La Russie montre cette volonté de reprendre le contrôle d’un certain nombre de structures privées.
Alain De Neve
Plusieurs observateurs affirment que c’est cette nouvelle concurrence qui a poussé Prigojine à revenir en Russie, afin de négocier avec le Kremlin pour conserver son marché en Afrique. Une démarche visiblement peu appréciée…
Coupée du financement gouvernemental, Wagner pourrait vite s’essouffler, ou, du moins, revoir ses ambitions à la baisse. « Des services de sécurité et de renseignements russes étaient également infiltrés dans Wagner et maintenaient un certain lien avec l’Etat. Sans ces éléments, il est certain que Wagner ne pourra plus disposer de la force de frappe qui était la sienne », avance Alain De Neve.
Quel impact sur la guerre en Ukraine ?
Cet affaiblissement programmé aura-t-il un quelconque impact sur la guerre en Ukraine ? « Sur le terrain ukrainien, les « prouesses » de Wagner sont restées symboliques, puisque la ligne de front n’a pas spécialement bougé en neuf mois. C’est d’ailleurs pour cette raison que Prigojine a cru bon de rejeter la responsabilité de cette stagnation sur le ministre de la Défense russe, Sergueï Choïgou, et le chef de l’état-major, Valéri Guérassimov », décrypte Alain De Neve.
On peut s’attendre à une grande redistribution du personnel et des moyens, de façon très discrète.
Alain De Neve
« Leur absence n’aura pas réellement d’influence sur la guerre en Ukraine, abonde Nina Bachkatov, car l’organisation avait déjà quitté les lieux depuis un moment. Et le front est d’ailleurs beaucoup plus structuré depuis leur départ. Toutefois, l’Ukraine pourra se servir de ce nouvel événement pour prouver la mésentente russe et la monstruosité de Poutine ».
Il est donc peu probable de revoir Wagner sur le terrain ukrainien, hormis via les hommes qui ont signé un contrat avec l’armée régulière russe. En Afrique, leur rôle est également compromis. Pour Nina Bachkatov, Poutine a commis l’erreur de reconnaître le financement de l’Etat dans Wagner, ce qu’il avait toujours nié dans le passé. Les mercenaires ne peuvent donc plus agir indépendamment, en toute impunité. « On peut s’attendre à une grande redistribution du personnel et des moyens, de façon très discrète », ajoute Alain De Neve.
Vers une nouvelle rébellion ?
Sur les réseaux sociaux et les chaînes Telegram, des partisans appellent à nouvelle rébellion pour se venger de l’acte supposément commis par Poutine. Pour Alain De Neve, « voir Wagner recommencer une recette qui n’a pas fonctionné est peu probable. Lors de la tentative de rébellion fin juin, il n’y avait d’ailleurs pas autant d’hommes que l’on pensait. »

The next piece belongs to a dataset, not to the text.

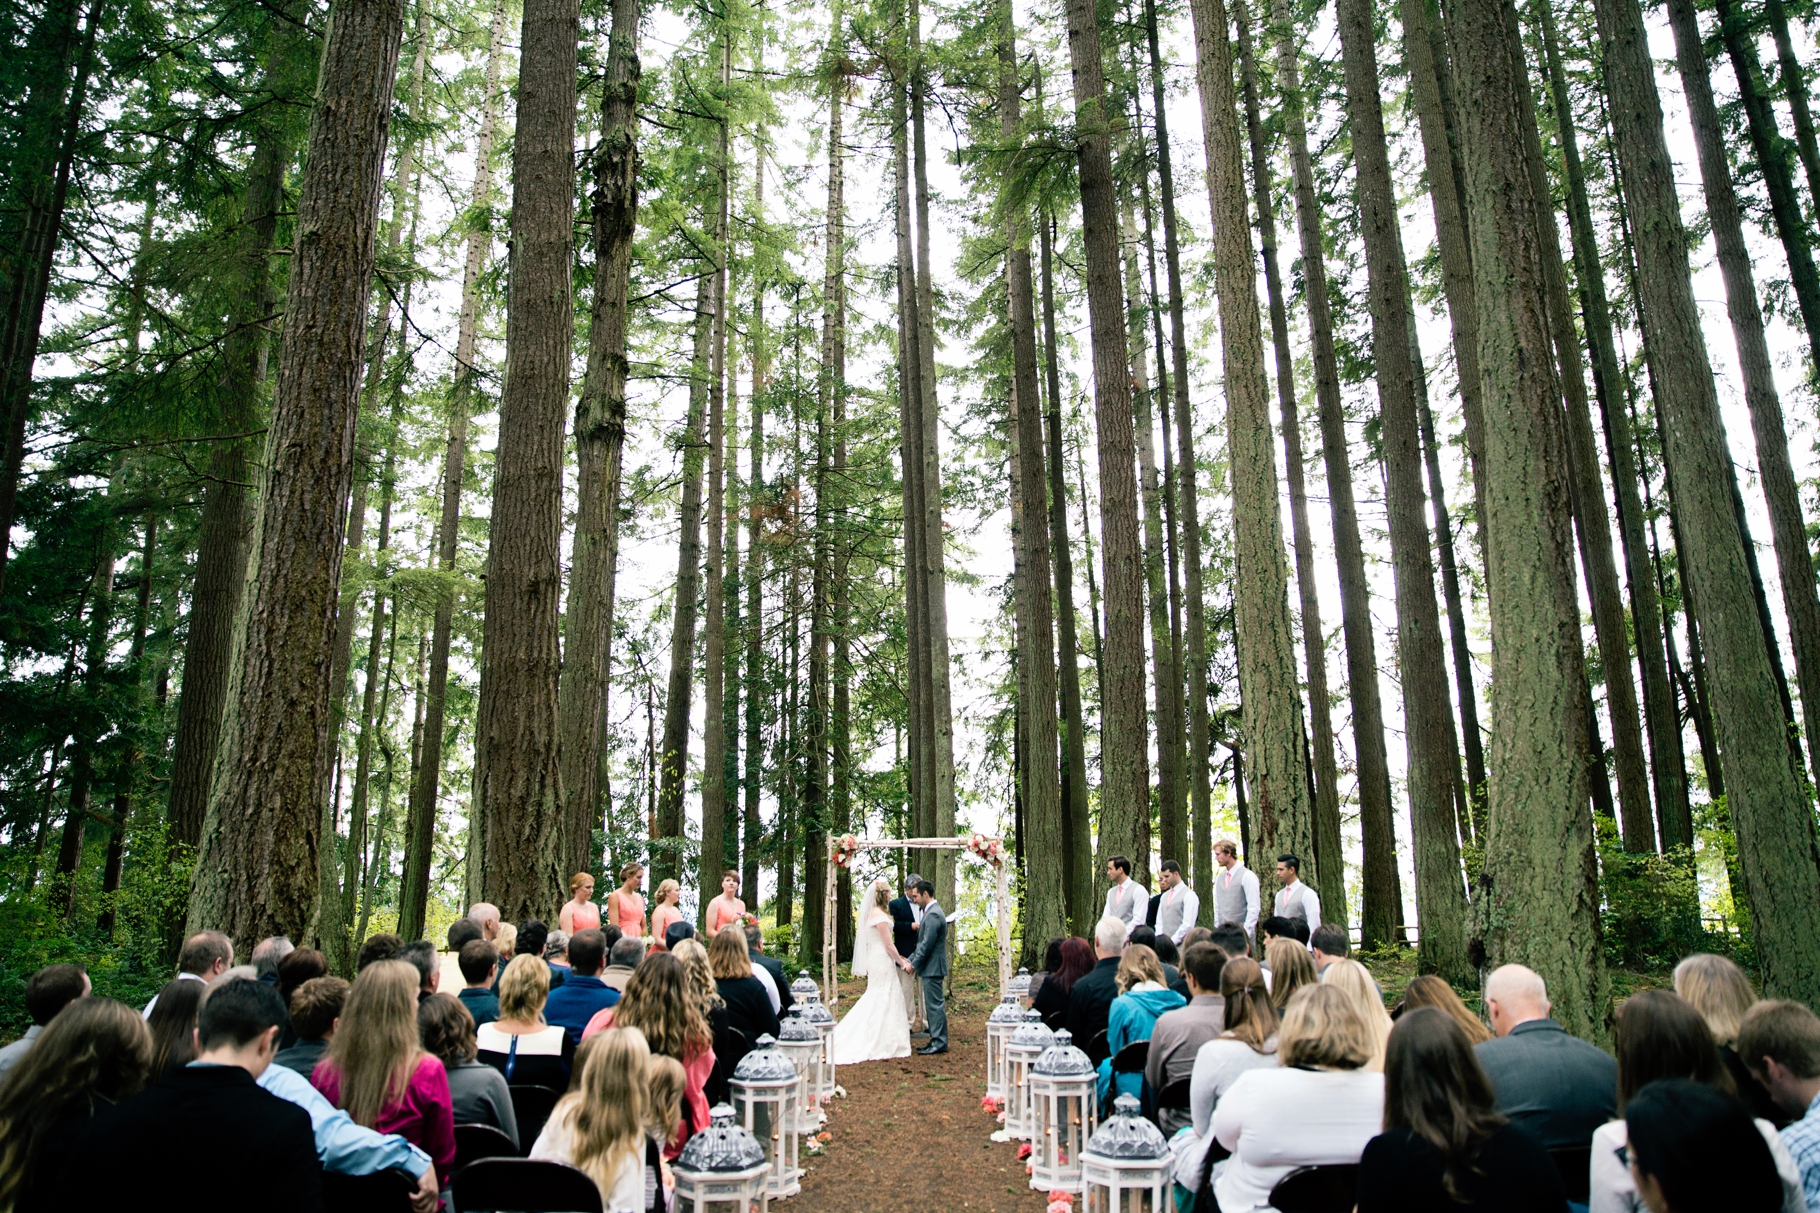 37-Ceremony-Bride-Groom-Vows-wooded-bluff-olympic-mountains-Kitsap-Memorial-State-Park-Forest-Northwest-Photographer-Seattle-Wedding-Photography-by-Betty-Elaine

Nina Bachkatov abonde. « On ne peut pas exclure qu’il y ait de la violence, mais pas jusqu’au point d’assister à une nouvelle tentative de putsh. Avec leurs leaders, la dernière tentative avait été une comédie sans nom. Alors sans eux… »
On ne peut pas exclure qu’il y ait de la violence, mais pas jusqu’au point d’assister à une nouvelle tentative de putsch.
Nina Bachkatov
Il apparaît donc très incertain de voir une volonté et une capacité suffisante chez Wagner pour mobiliser une nouvelle révolte, sans but précis. « Et si tel est le cas, le candidat qui pourrait émerger d’un coup d’Etat en Russie risquerait de ne pas satisfaire les intérêts de ceux qui auraient provoqué ce même coup d’Etat. Ce serait paradoxal », résume l’expert de l’IRSD.
« Pour l’instant, prolonge-t-il, force est de constater que la Russie ne se fait pas mordre sur son territoire, et ce sont pas les quelques attaques de drones sur Moscou qui remettent en cause leur sécurité nationale. Avec l’élimination présumée de Prigojine, Poutine envoie un sérieux signal. Il applique un certain nombre d’actes dans un calendrier qu’il est le seul à fixer, et peut-être le seul à comprendre ».